Durante mi lectura de estos últimos días me preguntaba a quién se refería la transformación. La de Gregor Samsa —un escarabajo, una curiana— es evidente e inmediatamente asumida por el lector, aunque el narrador no dé explicación alguna sobre tal metamorfosis. Conforme avanza la historia vamos comprobando que Gregor Samsa acepta con naturalidad su nuevo estado, no hay lamento ni queja por su nueva situación, solo la expresión de la incomodidad y las dificultades derivadas de su nueva morfología, a la que enseguida se adapta. De la noche a la mañana, el hijo de los Samsa ha cambiado de aspecto, de posibilidades de vida y de movimiento, pero supera la crisis con voluntad: después de muchos intentos es capaz de abandonar la cama, de sostenerse verticalmente, de girar la llave de la puerta, de andar sobre todas sus patitas y recorrer de arriba abajo, incluido el techo, las paredes de su habitación, dejando en ellas el rastro viscoso de su garabateo. Sea como insecto, sea como viajante de telas, Gregor Samsa tiene capacidad de supervivencia, instinto de lucha y afán de superación, se niega a dejarse domeñar por las circunstancias, por eso nos identificamos con él: ¿quién se va a dejar morir de buenas a primeras por un imprevisto?

Nuestro protagonista es además buena persona, buen hijo, buen hermano y trabajador ejemplar: ha asumido el pago de una importante deuda económica contraída por sus padres, mantiene una grata relación con su hermana y desempeña puntual y modélicamente sus obligaciones profesionales. ¿Eso es lo que lo convierte en un bicho raro? ¿Que cumpla debidamente con su familia? ¿Con su empresa? ¿Que no se rebele? ¿Esa es la razón de su castigo, de su transformación?

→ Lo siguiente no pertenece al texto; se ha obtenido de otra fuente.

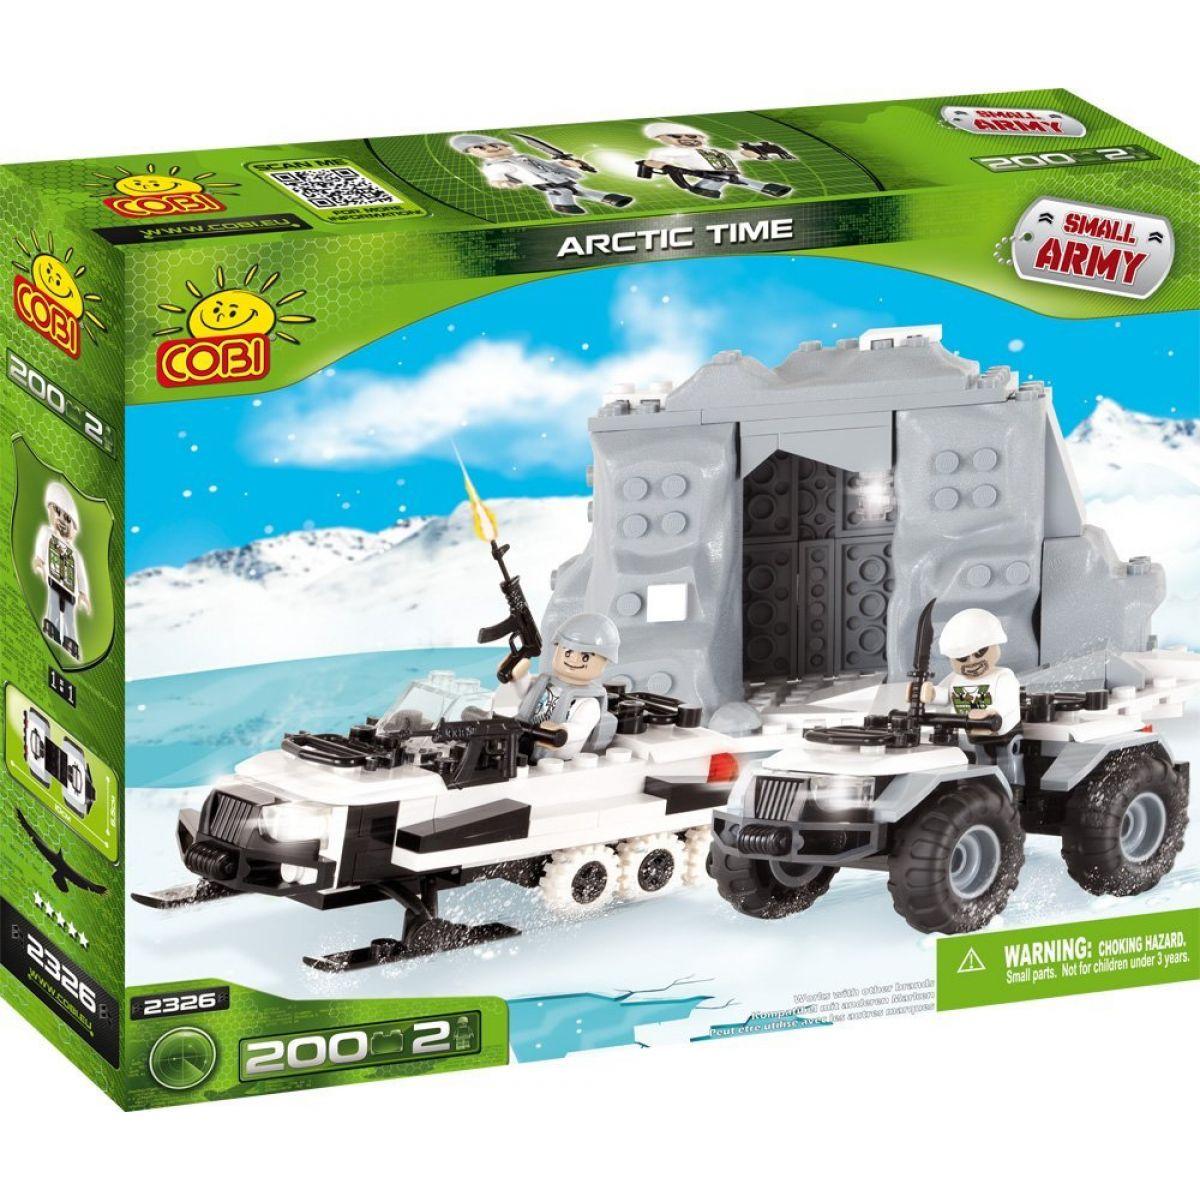 Cobi 2326 Malá armáda Polární jednotka ARCTIC TIME

Quizá sea el momento de plantearse otra lectura, otra perspectiva, de centrar el haz de luz no en Gregor Samsa, o por lo menos no sólo en él, sino también en los demás personajes del relato, porque no es el único que sufre una transformación. El apoderado de la empresa, ante la única falta de puntualidad de Gregor en cinco años, cambia rápidamente su juicio, no lo considera ya un hombre tranquilo y sensato, sino un irresponsable sin interés por su trabajo y lo acusa falsamente de bajo rendimiento. La transformación física del hijo trastorna la condición social de los otros miembros de la familia, que han de ponerse a trabajar —el padre como conserje, la madre cosiendo ropa para una tienda de modas, la hermana como dependienta en un comercio—, y provoca un cambio en sus afectos: el padre y la madre, agradecidos al comienzo de la historia por ser el sostén económico familiar, se horrorizan luego y se avergüenzan del hijo, al que terminan odiando y olvidando. Grete, la hermana, sufre una doble transformación. Entre ambos hay un fuerte lazo de fraternidad, que se va desatando conforme avanza la narración. La hermana sufre por la metamorfosis del hermano, se muestra compasiva y comunicativa con él, lo cuida y lo alimenta, pero acaba despojándolo de sus pertenencias, de sus muebles, de su identidad, hasta llegar a la despreocupación y el abandono en la habitación, convertida en sucio trastero de la casa, y a querer deshacerse para siempre de aquel bicho. Ese cambio de actitud, ese corte afectivo precipita el trágico fin de Gregor, consciente de ser una no-presencia para ella. Junto a la transformación moral, en la hermana se va obrando un proceso de cambio físico en sentido contrario al del hermano: la crisálida acaba su metamorfosis y al final de la historia los padres, olvidados por completo de Gregor, encuentran que Grete se ha convertido ya en una hermosa mujer en edad de merecer: “Y para ellos fue una confirmación de sus nuevos sueños y buenas intenciones cuando, llegados al final del trayecto, la hija fue la primera en levantarse y al hacerlo estiró su cuerpo joven”.

Movimiento. Metamorfosis. Evolución. Seres, realidades, en continuo cambio. Otra lección de Kafka.